Re: Merge algorithms for large numbers of "tapes"

From: "Luke Lonergan" <llonergan(at)greenplum(dot)com>
To: "Jim C(dot) Nasby" <jnasby(at)pervasive(dot)com>, "Greg Stark" <gsstark(at)mit(dot)edu>
Cc: "Dann Corbit" <DCorbit(at)connx(dot)com>, "Tom Lane" <tgl(at)sss(dot)pgh(dot)pa(dot)us>, "Simon Riggs" <simon(at)2ndquadrant(dot)com>, pgsql-hackers(at)postgresql(dot)org
Subject: Re: Merge algorithms for large numbers of "tapes"
Date: 2006-03-09 17:03:55
Message-ID: C0359FFB.1ED96%llonergan@greenplum.com
Views: Raw Message | Whole Thread | Download mbox | Resend email
Thread:
Lists: pgsql-hackers

Jim,

On 3/9/06 8:35 AM, "Jim C. Nasby" <jnasby(at)pervasive(dot)com> wrote:

> Well, the reality remains though; most folks are unlikely to setup
> enough dedicated temp areas so that we can do one tape per disk, so it
> would be really good to have a sort method that didn't rely on that.

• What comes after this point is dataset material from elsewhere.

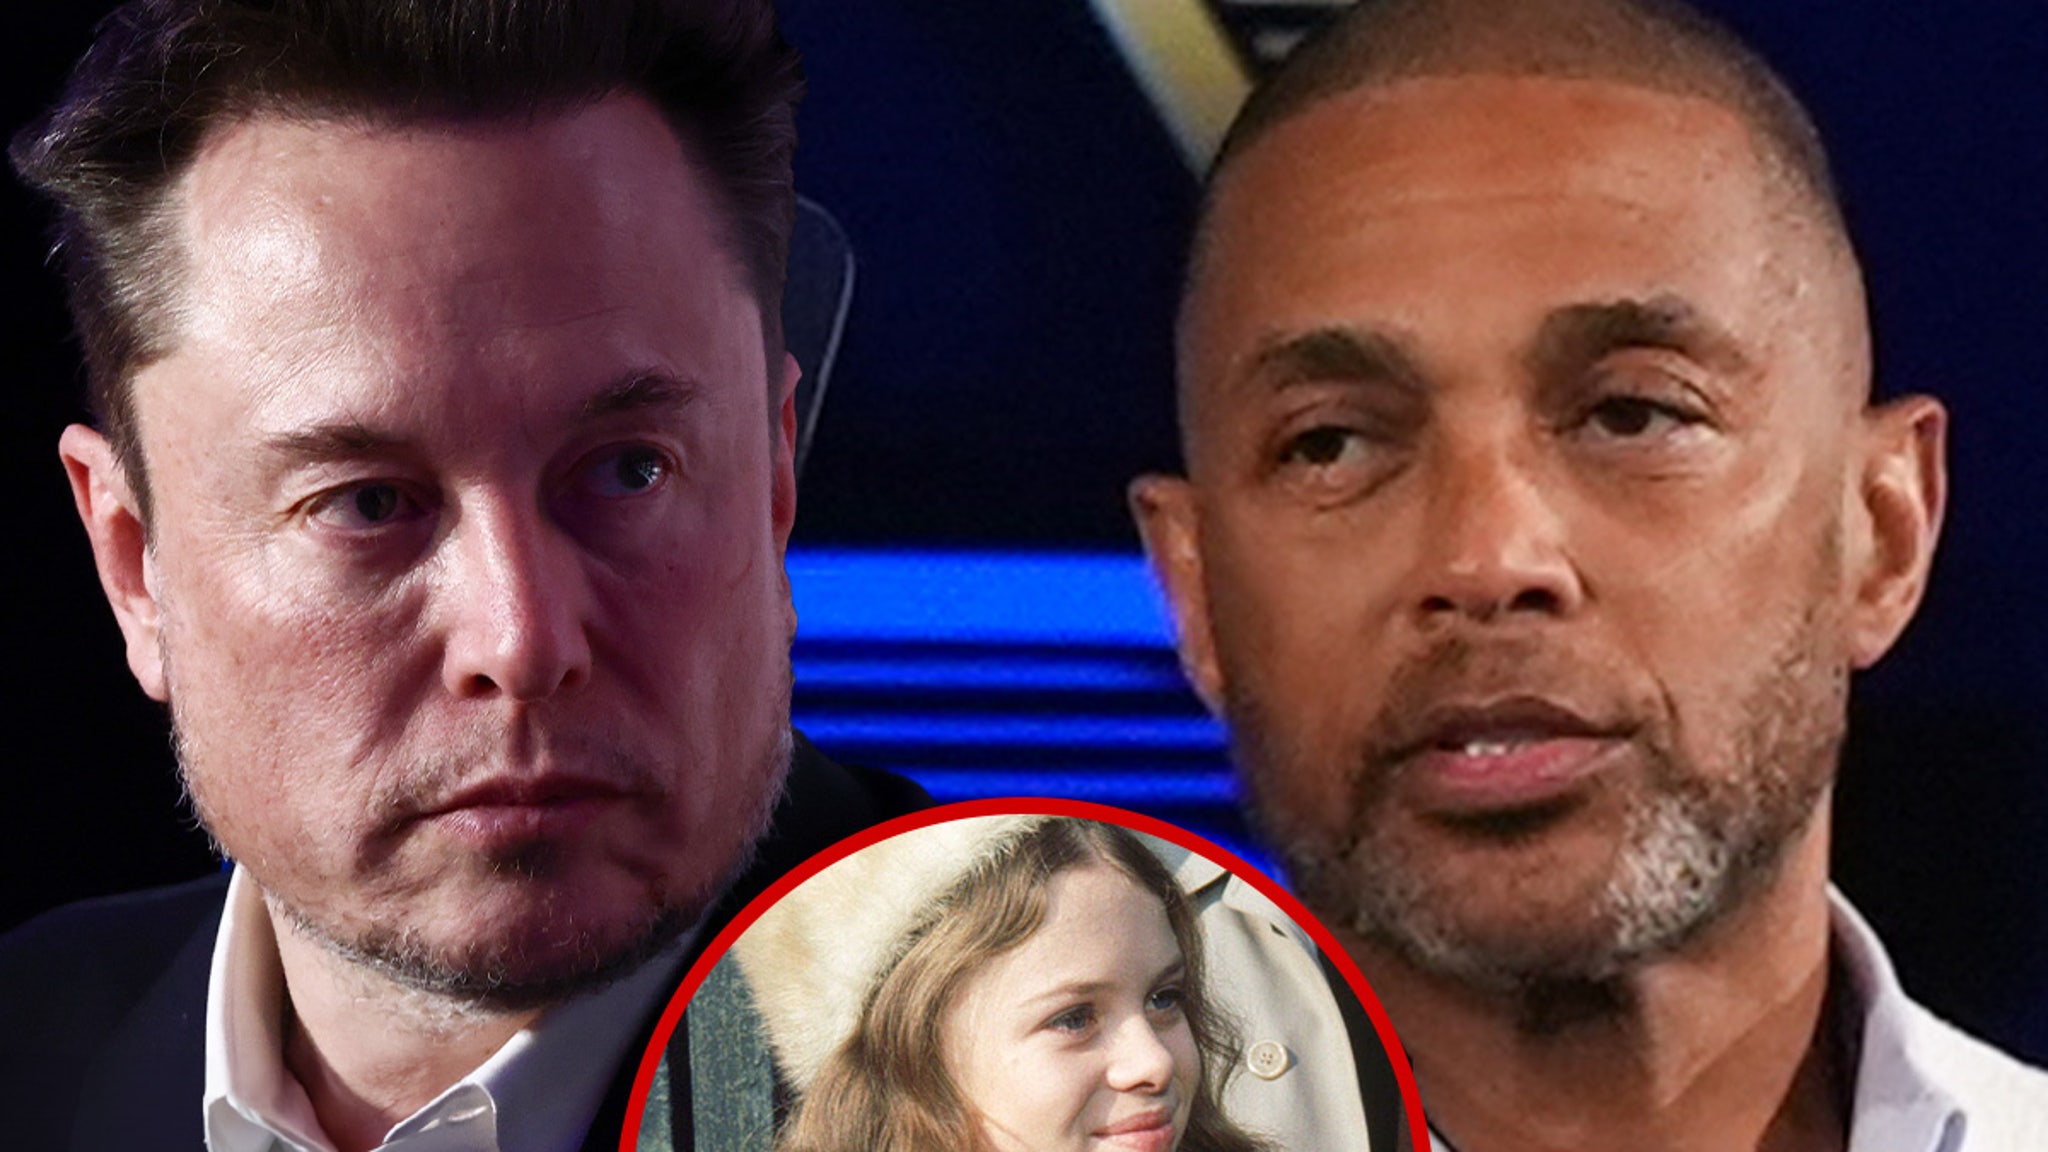 Elon Musk Compares Don Lemon to Spoiled Child From ‘Willy Wonka’

Agreed - however optimizing the run output and merge pass is straightforward
without knowing the underlying I/O infrastructure.

Consider that a popular commercial database, running on a 6-disk RAID5 with
one filesystem, performs external sorting 4 times faster (1/4 of the time)
than Postgres using a two pass sort. There is no special optimization of
the I/O path involved, it's simply a matter of using a modern external
sorting approach (no tapes).

Tom's point about finite memory is definitely important - it does take
roughly SQRT(sort set) of memory to perform the two pass sort, but that is a
completely manageable amount of memory. The problem we have now is that we
don't use a dynamic memory allocation mechanism to provide this amount of
RAM to the task. That's why the tape algorithm is "safe", because you can
guarantee an external sort result, even with tiny memory.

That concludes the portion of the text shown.